In lean (i.e. wild-type) mice, daily injections of leptin lead to
modest decreases of food intake and body weight. The results for
body fat have been confirmatory to the effect of leptin on fat
metabolism. (Pelleymounter et al., 1995, Science 269:540-543;
Halaas et al., 1995 Science 269: 543-546; and Campfield et al.,
1995 Science 269:546-549).
[0005] Obesity in humans is a major disorder associated with
mortality, and may result from a number of causes, and at least
some may be due to an insufficient amount of leptin produced or
resistance. Since leptin is a protein, and vulnerable to breakdown
and inactivation by the gastrointestinal system, it cannot be
delivered orally. It would be desirable to develop a therapy for
leptin delivery for obese patients whose obesity is due, at least
in part, to a paucity of leptin or resistance to the sustained
peripheral levels.
BRIEF DESCRIPTION OF THE INVENTION
[0006] This invention relates to gene therapy wherein a viral
vector is used to deliver a protein or peptide which is also a
hormone. One aspect of this invention involves a method of treating
a condition which is caused at least in part by an insufficient
production of or resistance to a peptide or protein hormone in a
mammal comprising administration of a viral vector comprising a
gene encoding the peptide or protein hormone. It has been found, in
accordance with this invention, that the amount of protein or
peptide hormone needed to produce a biological result is much lower
when the protein or peptide hormone is made by the mammal receiving
the gene therapy, as compared to the amount needed to produce the
same biological result when the peptide or protein hormone is
delivered to the mammal by, e.g. muscular injection or intravenous
administration. Further, the mammal which is expressing the gene
which has been introduced by gene therapy does not develop
antibodies to the peptide or protein hormone. In contrast, a mammal
which receives the same peptide or protein hormone by injection or
intravenous administration, may develop antibodies to the
hormone.
[0007] Thus one aspect of this invention relates to a method of
treating a condition caused, at least in part by an insufficient
production of a peptide or protein hormone in a mammal comprising
administration of a viral vector comprising a gene encoding the
peptide or protein hormone wherein the gene encodes a hormone
selected from the group consisting of: leptin, insulin, calcitonin,
erythropoietin, growth hormone, interferons, interleukin-2, a
hemophilia factor, a vascular endothelial growth factor,
granulocyte-macrophage colony stimulating factor, and alpha 1
anti-trypsin.
[0008] This invention is also related to gene therapy for obesity.

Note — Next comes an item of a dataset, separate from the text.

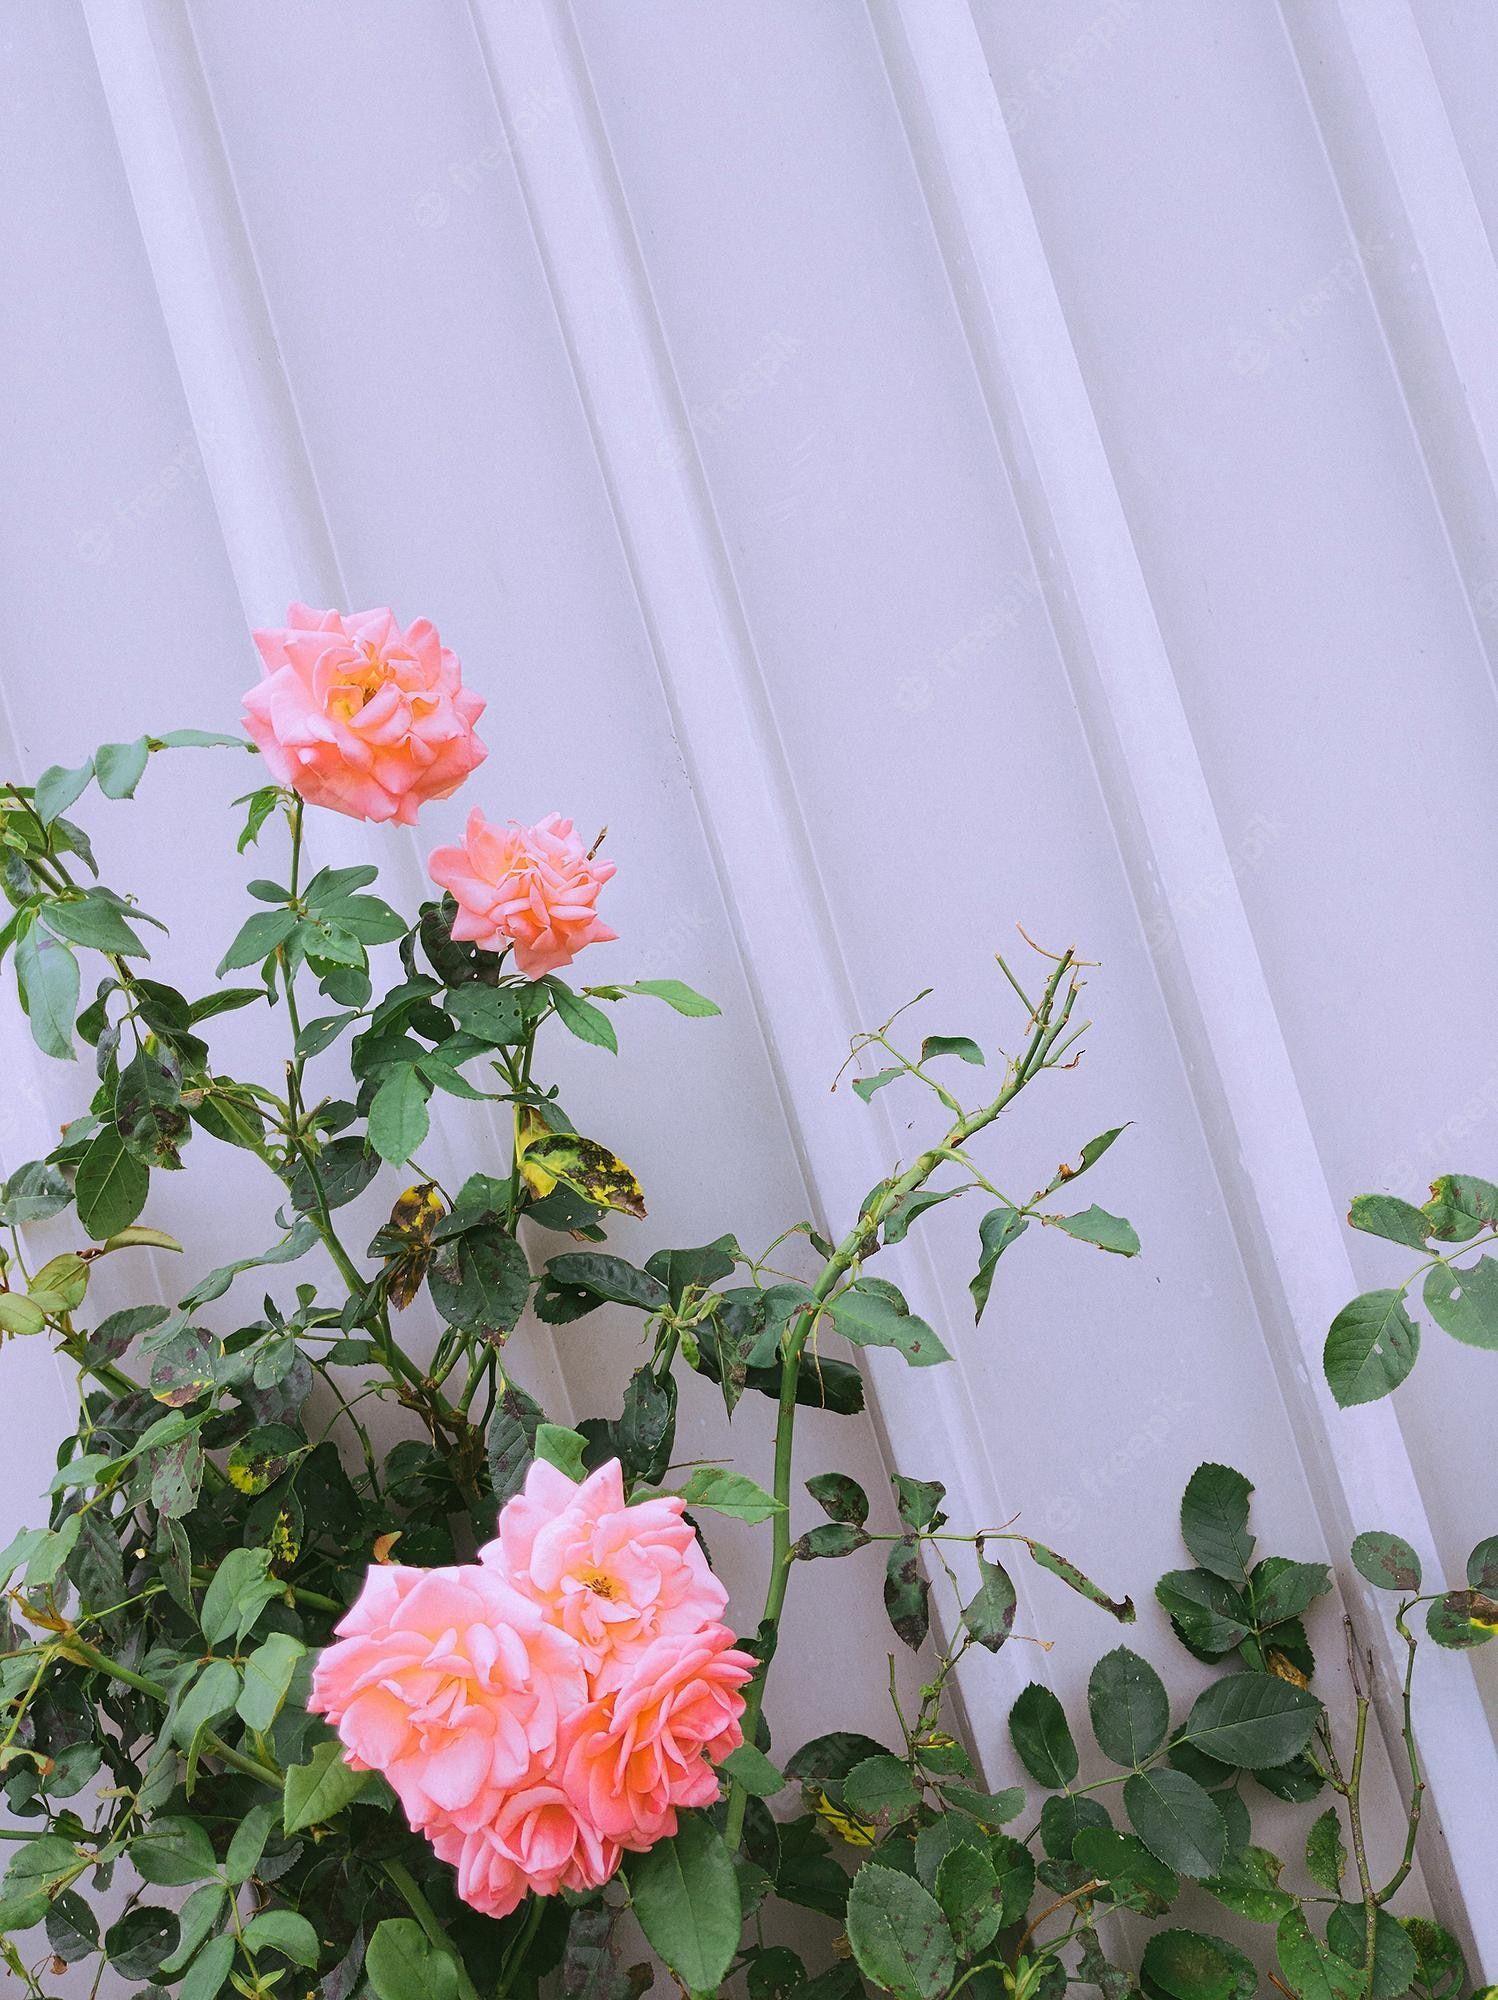  Rosen Hintergrundbild 1498x2000. Stilvolle blumentapete rosen und graue wandtextur minimalistische ästhetik

One aspect of this invention involves a method of treating obesity,
lowering serum glucose levels or lowering serum insulin levels in a
mammal in need of such therapy comprising delivering a gene
encoding an obesity regulating gene to said mammal; and allowing
sufficient time to pass for transcription and translation of the
obesity regulating gene.
[0009] Some types of obesity are caused by an insufficient amount
of leptin. Along with obesity the individual may also experience
elevated serum glucose and/or insulin levels. Thus, another aspect
of this invention is a method of treating obesity, elevated serum
glucose levels, or elevated insulin levels comprising delivering a
gene encoding leptin to a mammal wherein transcription and
translation of the gene occurs in vivo. By "insufficient amount of
leptin produced" it is envisioned that the mammal may produce
functional leptin, but at lower levels than required; alternatively
the animal may have a complete inability to produce leptin; or in
yet another alternative, the animal produces a mutated form of
leptin which either functions less efficiently than native leptin
or does not function at all.
[0010] Non-human mammals, particularly rodents such as mice and
rats which have received peptide or protein hormone transgenes and
which express the peptide or protein hormone make up another aspect
of this invention. Specifically, mice which have received the
leptin gene transgenically and which express leptin, form another
aspect of this invention. Mice may be ob/ob, Ob/? or homozygous
wild-type for the ob gene prior to receipt of the leptin gene.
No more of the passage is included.